To get it to work for me I had to set crypto policies to LEGACY update-crypto-policies --set LEGACY With a reboot As I am working with an older AD server.

Then update the $::osfamily block. First I changed 'Redhat' to 'CentOS' I did consider changing the == 'Redhat' to in ['RedHat', 'CentOS'] But that would give no overall benefit in my environment.
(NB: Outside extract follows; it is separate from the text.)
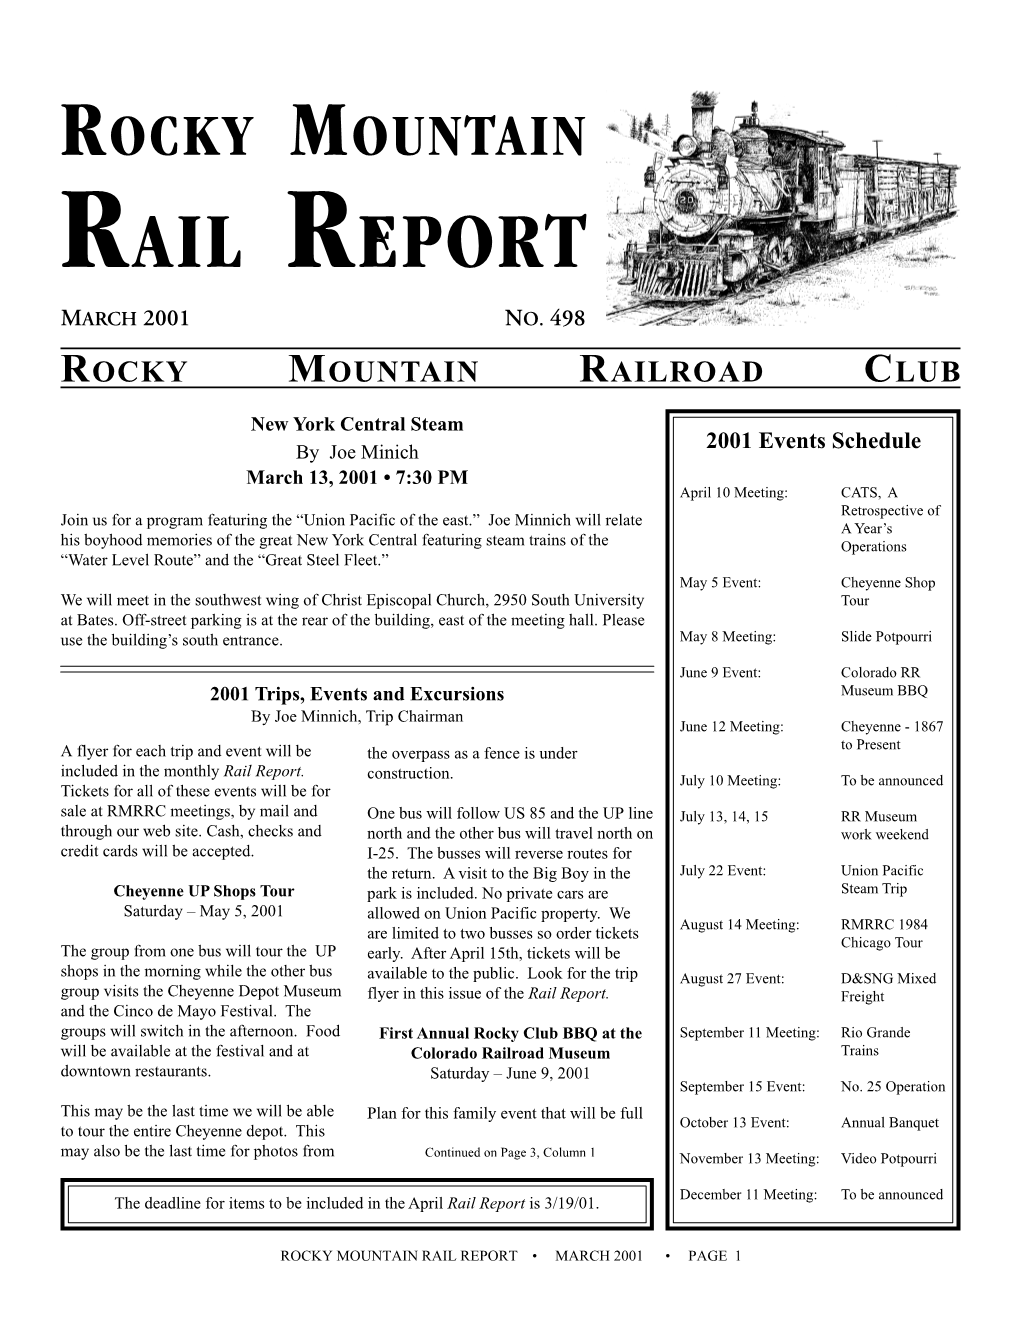 Rail Report March 2001 No

Therefor a simple delete is all that was necessary ;) case $::osfamily { 'RedHat': { if ($::facts['os']['name'] == 'Fedora' and versioncmp($::facts['os']['release']['major'], '28') >= 0) or ( versioncmp($::facts['os']['release']['major'], '8') >= 0) {

( $::facts['os']['name'] == 'CentOS' and versioncmp($::facts['os']['release']['major'], '8') >= 0) {

  #( $::facts['os']['name'] == 'Redhat' and versioncmp($::facts['os']['release']['major'], '8') >= 0) {
    if $ensure == 'present' {
zeekus commented 3 years ago

I abandoned Centos8 and went back to Centos7 due to the fact Centos8 is EOL in Dec 2021.